On current before 20210216, a remote mkdir of a filesystem mounted via -maproot=0:10 causes a kernel NULL pointer dereference. This is now fixed.

zvol

Within a ZFS pool, the standard approach is to have file systems, but one can also create a zvol, which is a block device of a certain size.

As an example, "zfs create -V 16G tank0/xen-netbsd-9-amd64" creates a zvol (intended to be a virtual disk for a domU).

The zvol in the example will appear as /dev/zvol/rdsk/tank0/xen-netbsd-9-amd64 and /dev/zvol/dsk/tank0/xen-netbsd-9-amd64 and can be used like a disklabel partition or wedge. However, the system will not read disklabels and gpt labels from a zvol.

Doing "swapctl -a" on a zvol device node fails. \todo Is it really true that NetBSD can't swap on a zvol? (When using a zvol for swap, standard advice is to avoid the "-s" option which avoids reserving the allocated space. Standard advice is also to consider using a dedicated pool.)

\todo Explain that one can export a zvol via iscsi.
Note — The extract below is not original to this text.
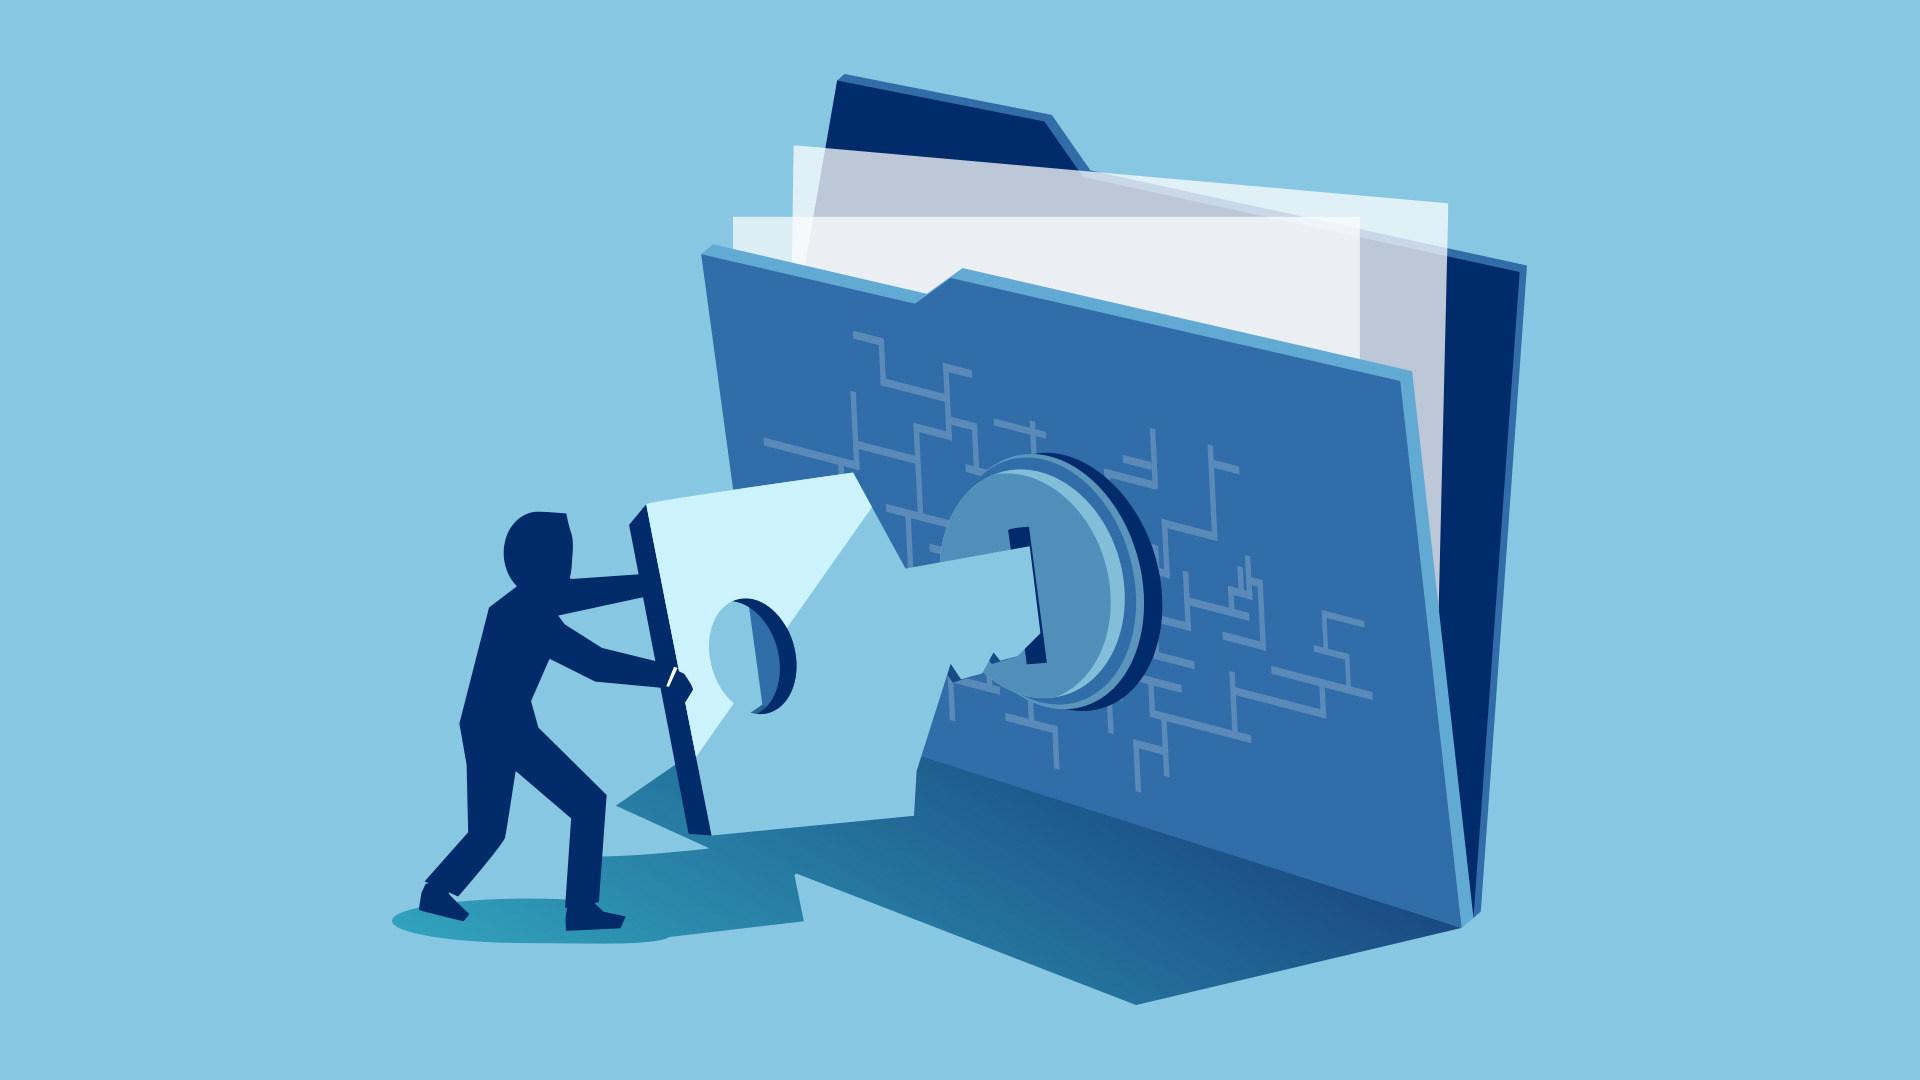 Sicherheit, Datenschutz, Privatsphäre, Verschlüsselung, Kryptographie, Schlüssel, Ende-zu-Ende-Verschlüsselung, schloss, Absicherung, Ordner, Verschlüsselungssoftware, Öffnen

One can use ccd to create a normal-looking disk from a zvol. This allows reading a GPT label from the zvol, which is useful in case the zvol had been exported via iscsi and some other system created a label.

Memory usage

Basically, ZFS uses lots of memory and most people run it on systems with large amounts of memory. NetBSD works well on systems with comparatively small amounts of memory. So a natural question is how well ZFS works on one's VAX with 2M of RAM :-) More seriously, one might ask if it is reasonable to run ZFS on a RPI3 with 1G of RAM, or if it is reasonable on a system with 4G.

The prevailing wisdom is more or less that ZFS consumes 1G plus 1G per 1T of disk. 32-bit architectures are viewed as too small to run ZFS.
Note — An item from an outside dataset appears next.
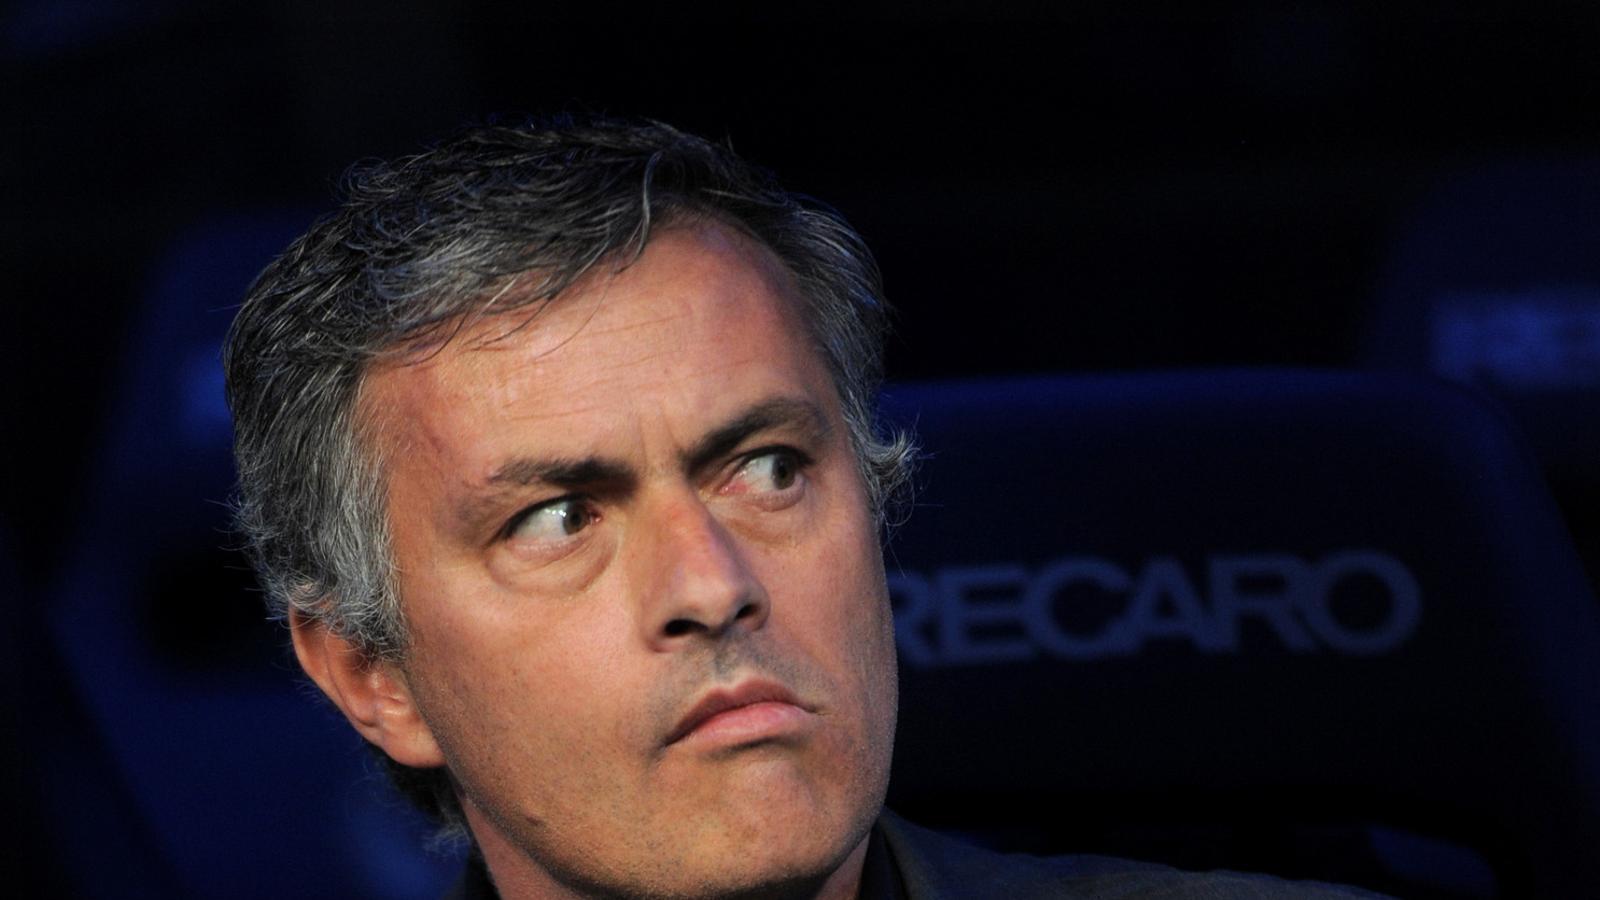 Mourinho té el mateix agent que Pepe, Jorge Medes. / JASPER JUINEN / GETTY

Besides RAM, zfs requires that architecture kernel stack size is at least 12KB or more -- some operations cause stack overflow with 8KB kernel stack. On NetBSD, the architectures with 16KB kernel stack are amd64, sparc64, powerpc, and experimental ia64, hppa. mac68k and sh3 have 12KB kernel stack. All others use only 8KB stack, which is not enough to run zfs.

NetBSD has many statistics provided via sysctl; see "sysctl kstat.zfs".

FreeBSD has tunables that NetBSD does not seem to have, described in FreeBSD Handbook ZFS Advanced section.

Interoperability with other systems

Modern ZFS uses pool version 5000 and feature flags.

It is in general possible to export a pool and them import the pool on some other system, as long as the other system supports all the used features.

\todo Explain how to do this and what is known to work.

\todo Explain feature flags relationship to FreeBSD, Linux, iIllumos, macOS.

Sources of ZFS code

Currently, there are multiple ZFS projects and codebases:

OpenZFS is a coordinating project to align open ZFS codebases. There is a notion of a shared core codebase and OS-specific adaptation code.